== Work instruction ==
Your output must be the lines below from the line containing "ニューバランスからLA 在住のアーティスト ブライアント・ジャイルスとの初コラボ" to the line containing "Garage Cutz, 1621", both lines included, reproduced exactly and without pictures.

== Task input ==
↓

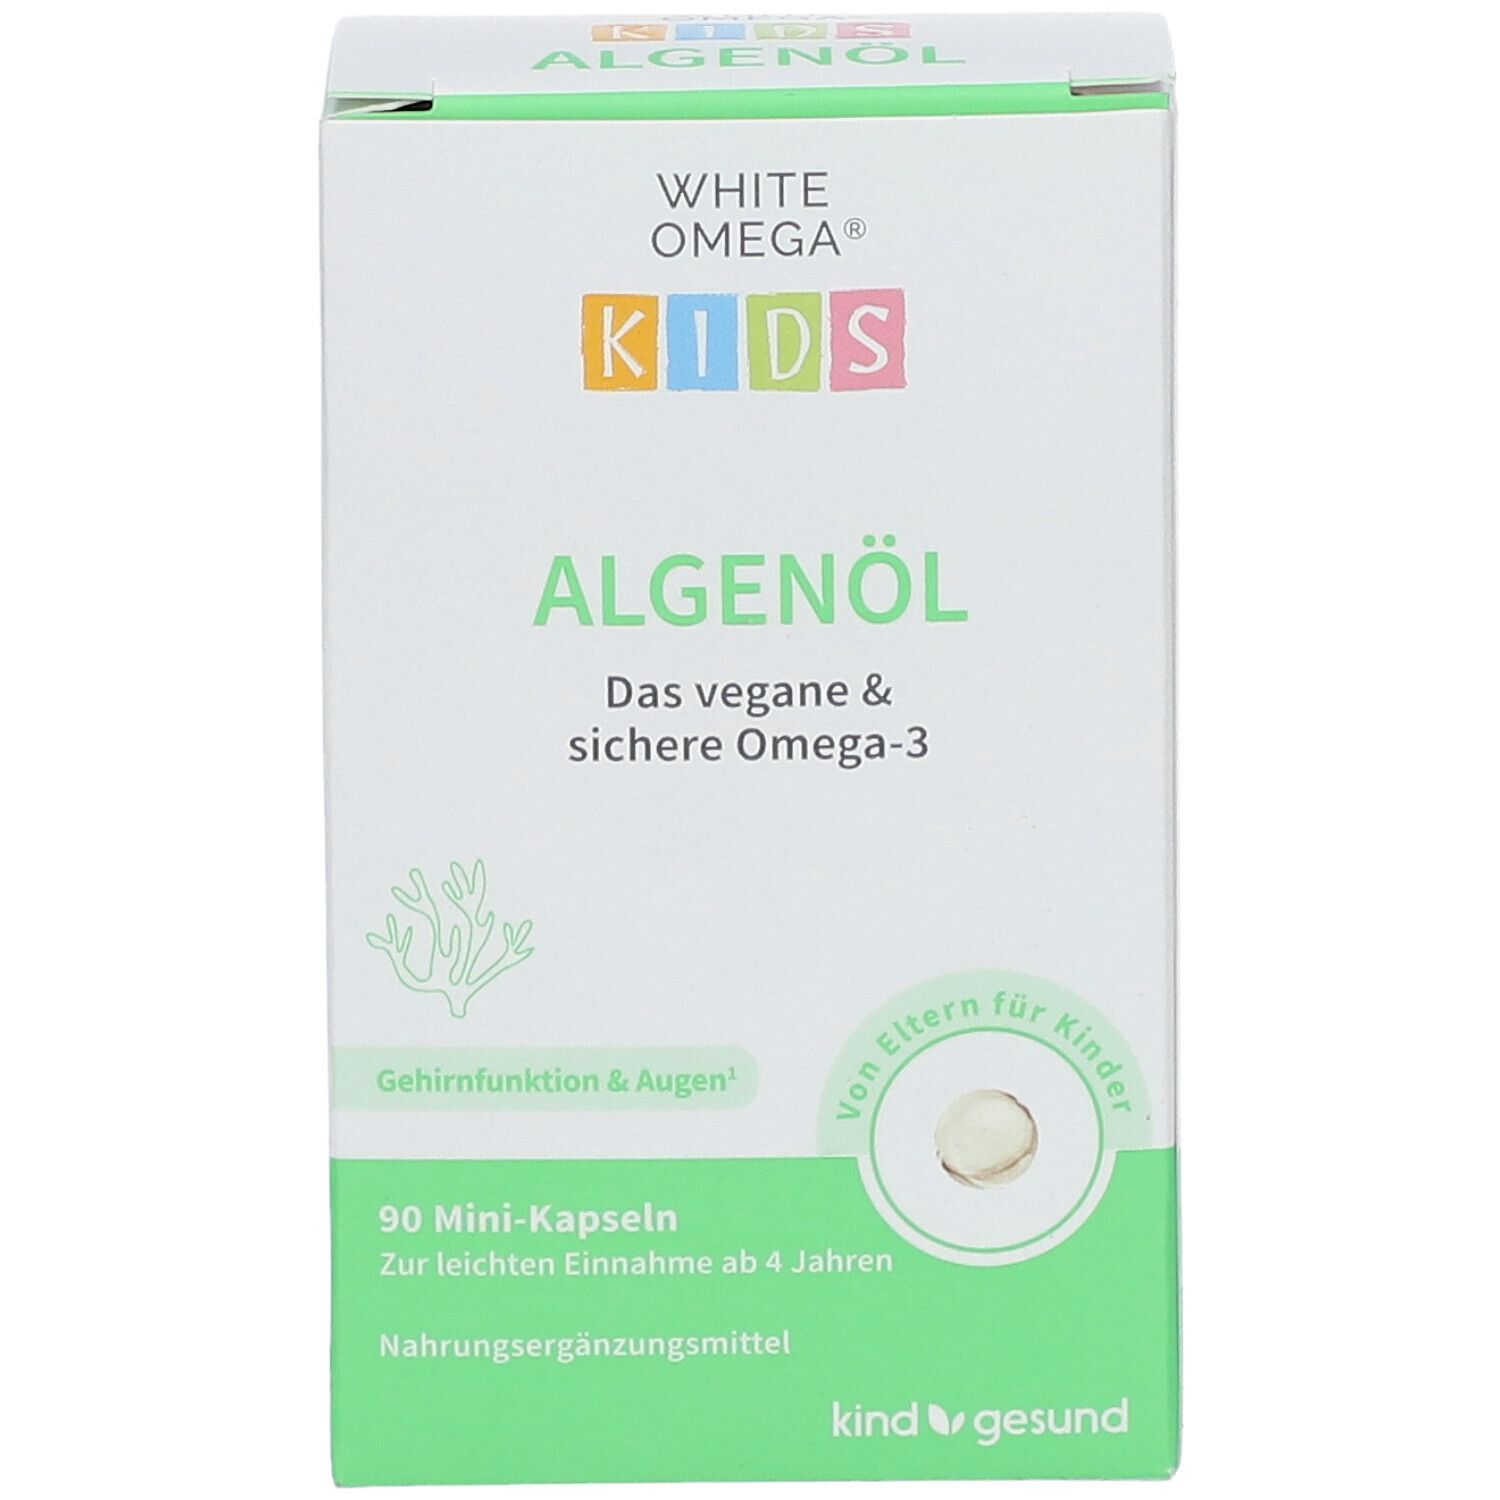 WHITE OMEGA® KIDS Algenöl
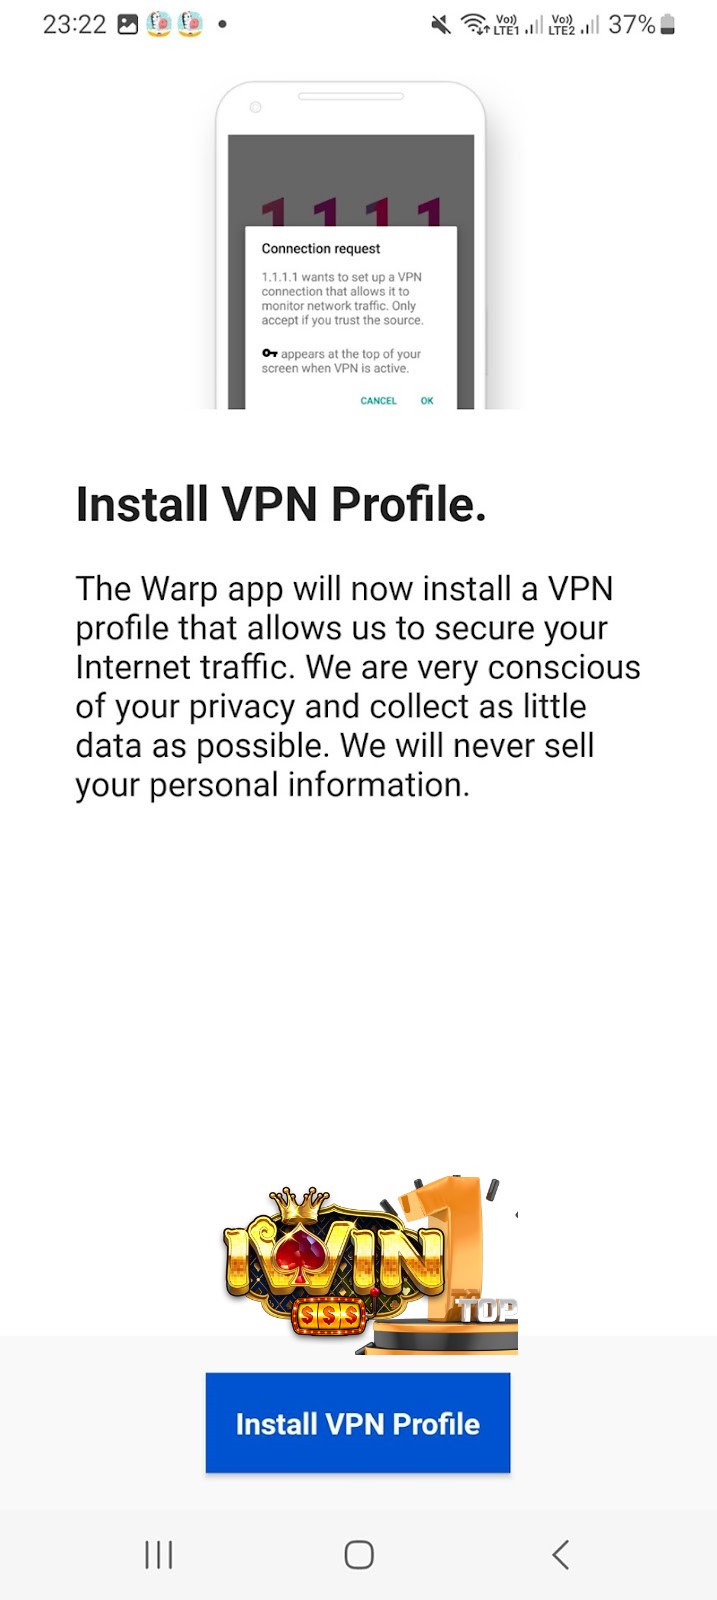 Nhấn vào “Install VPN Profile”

↑
↓

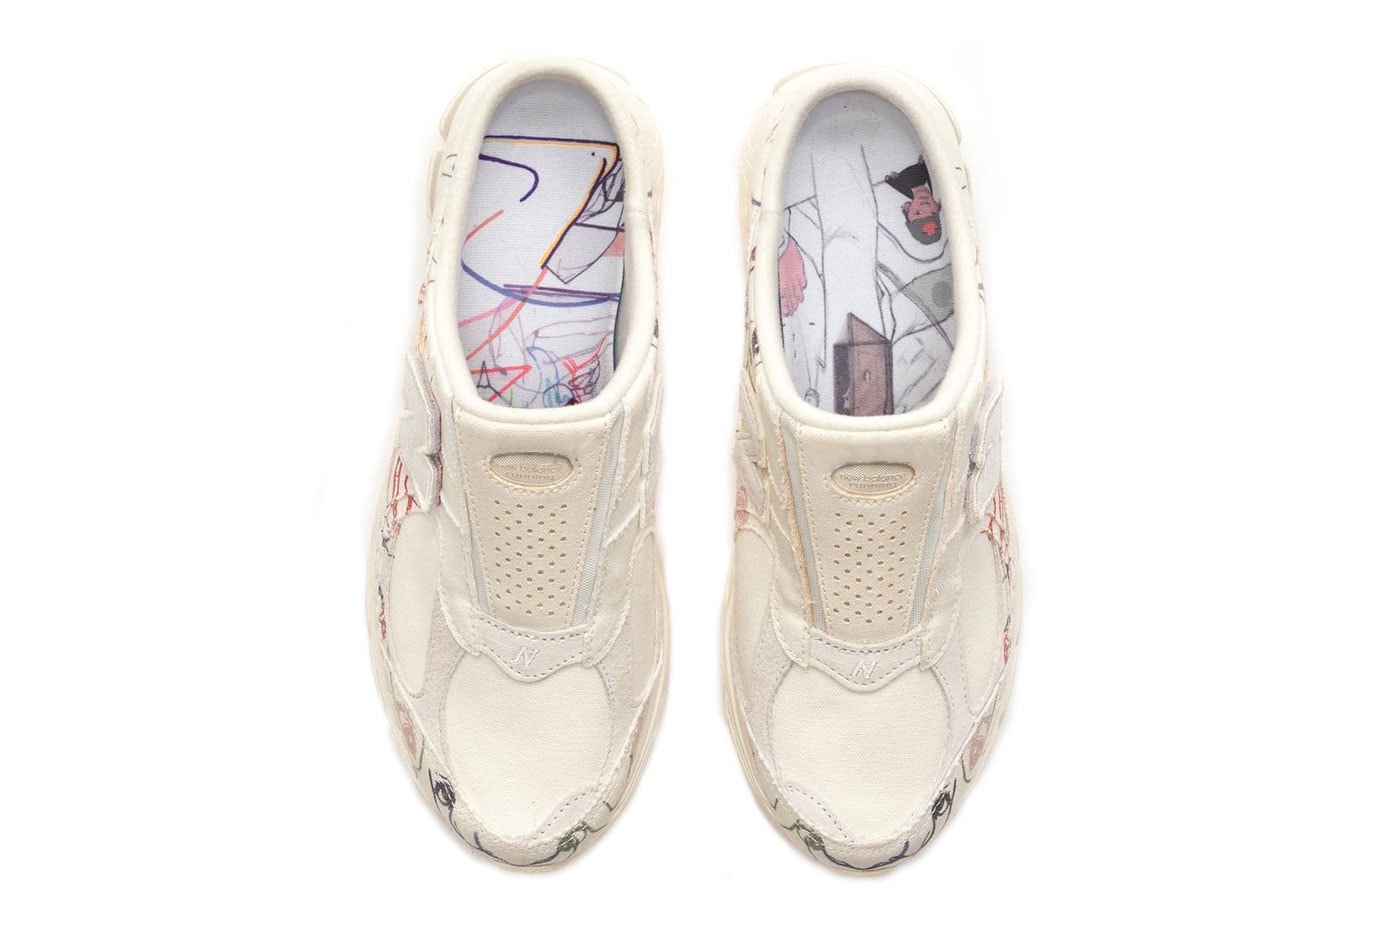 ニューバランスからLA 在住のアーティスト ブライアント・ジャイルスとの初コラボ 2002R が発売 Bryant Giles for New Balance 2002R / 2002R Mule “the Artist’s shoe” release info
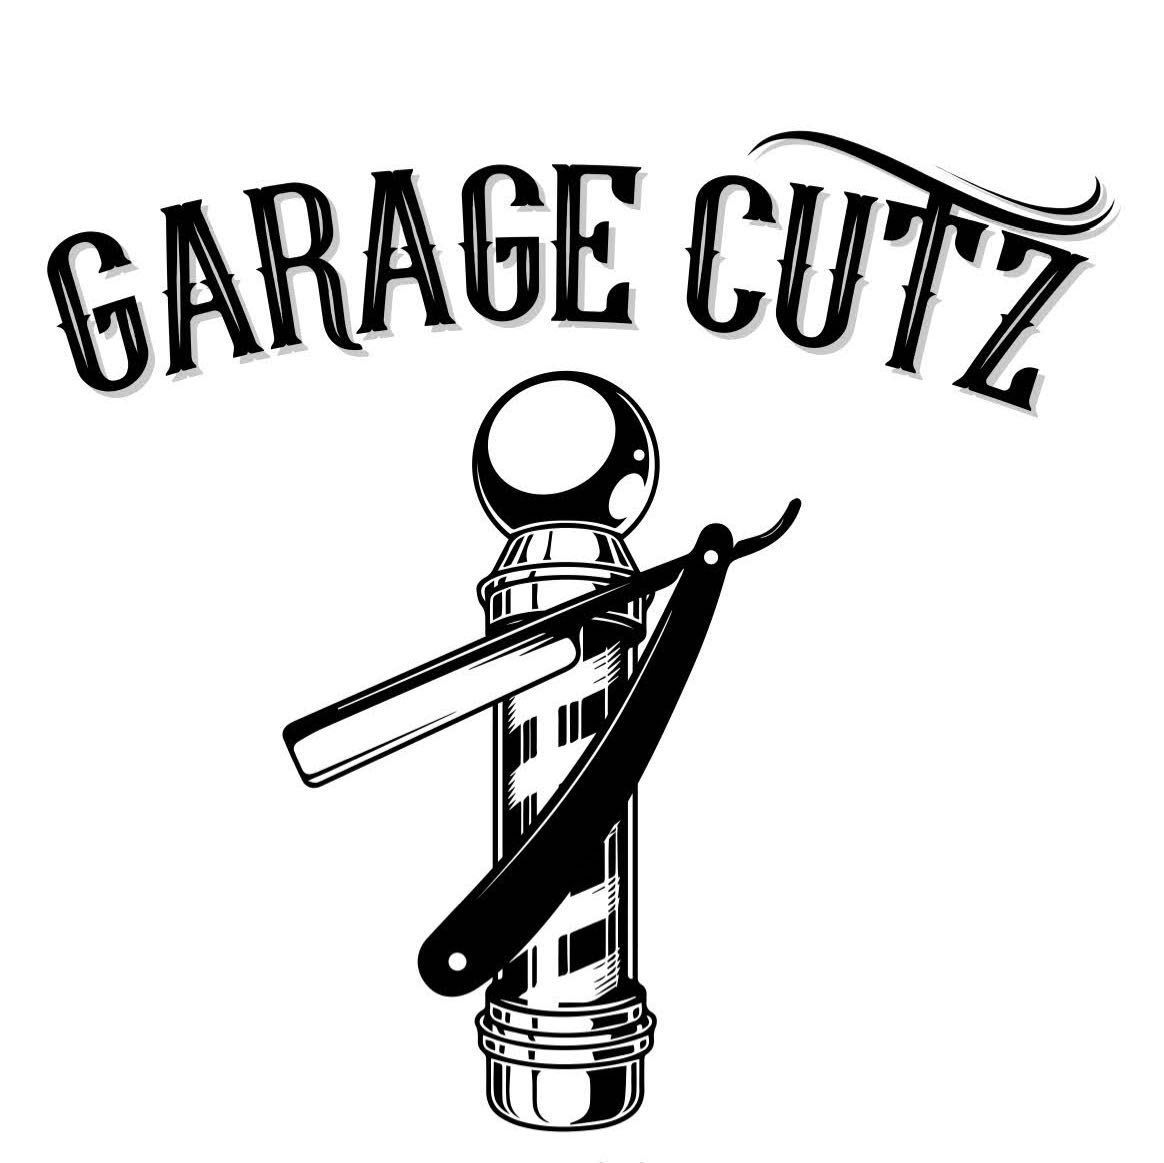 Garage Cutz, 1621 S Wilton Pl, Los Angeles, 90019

↑
↓

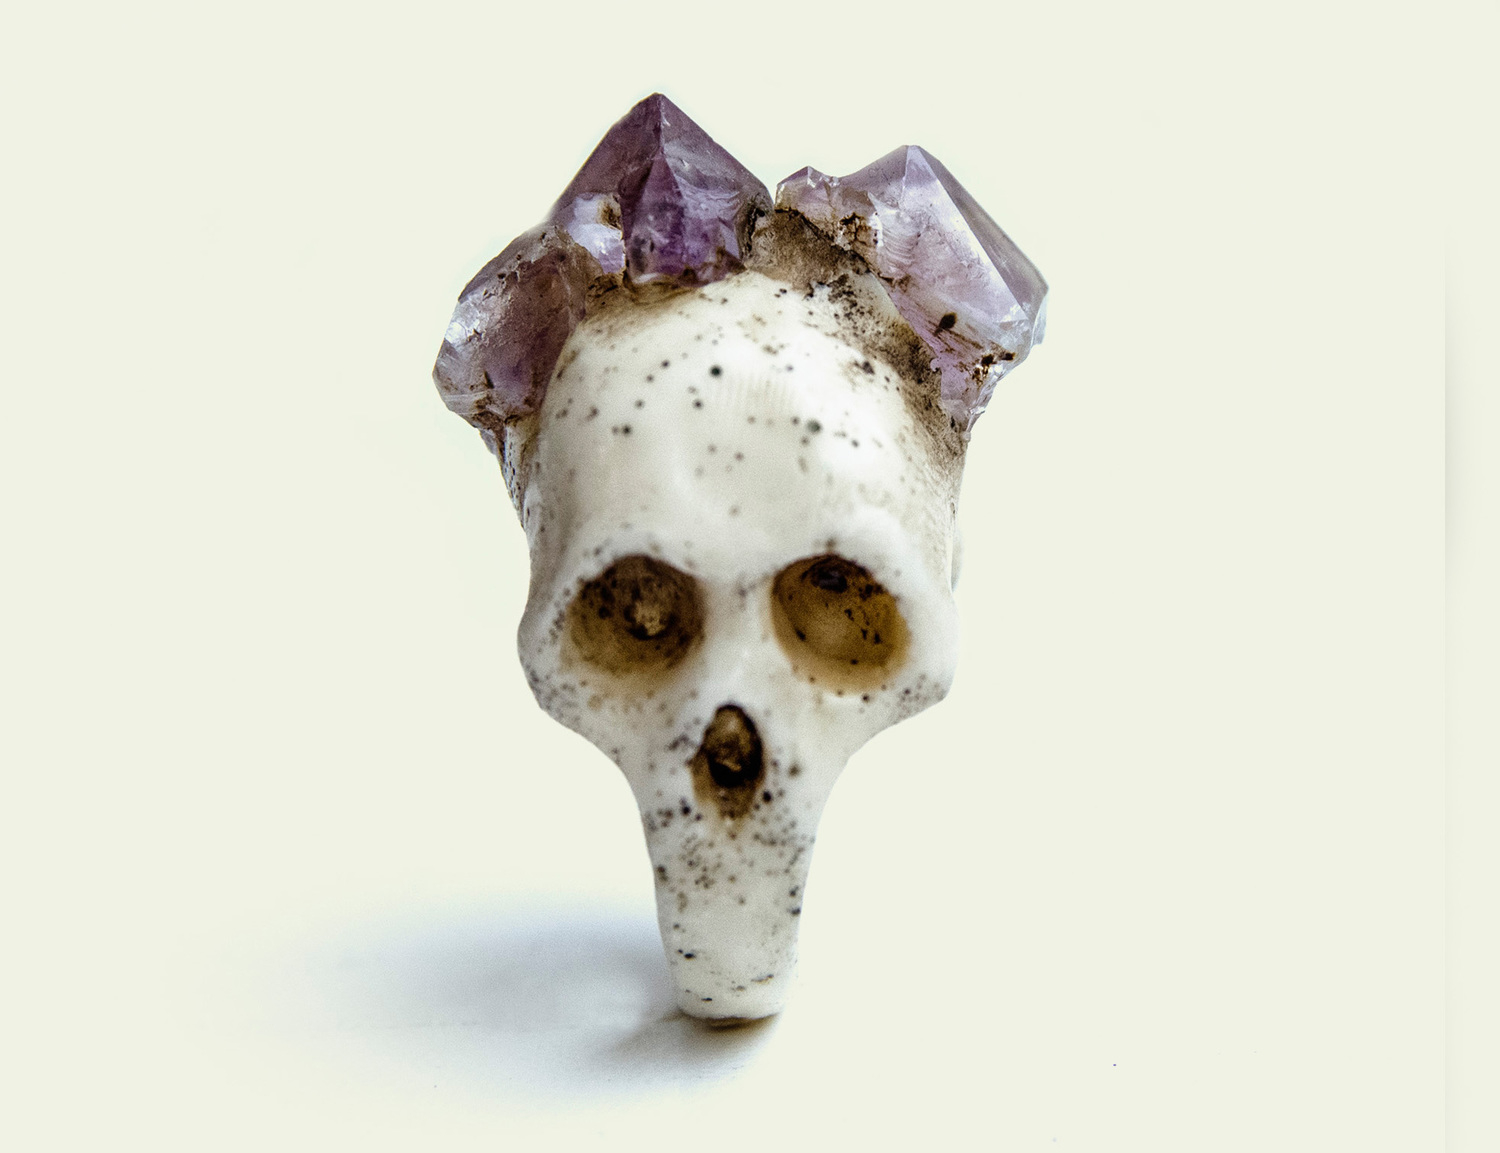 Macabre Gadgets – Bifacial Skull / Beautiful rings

↑

== Reply to the task ==
 ニューバランスからLA 在住のアーティスト ブライアント・ジャイルスとの初コラボ 2002R が発売 Bryant Giles for New Balance 2002R / 2002R Mule “the Artist’s shoe” release info
 Garage Cutz, 1621 S Wilton Pl, Los Angeles, 90019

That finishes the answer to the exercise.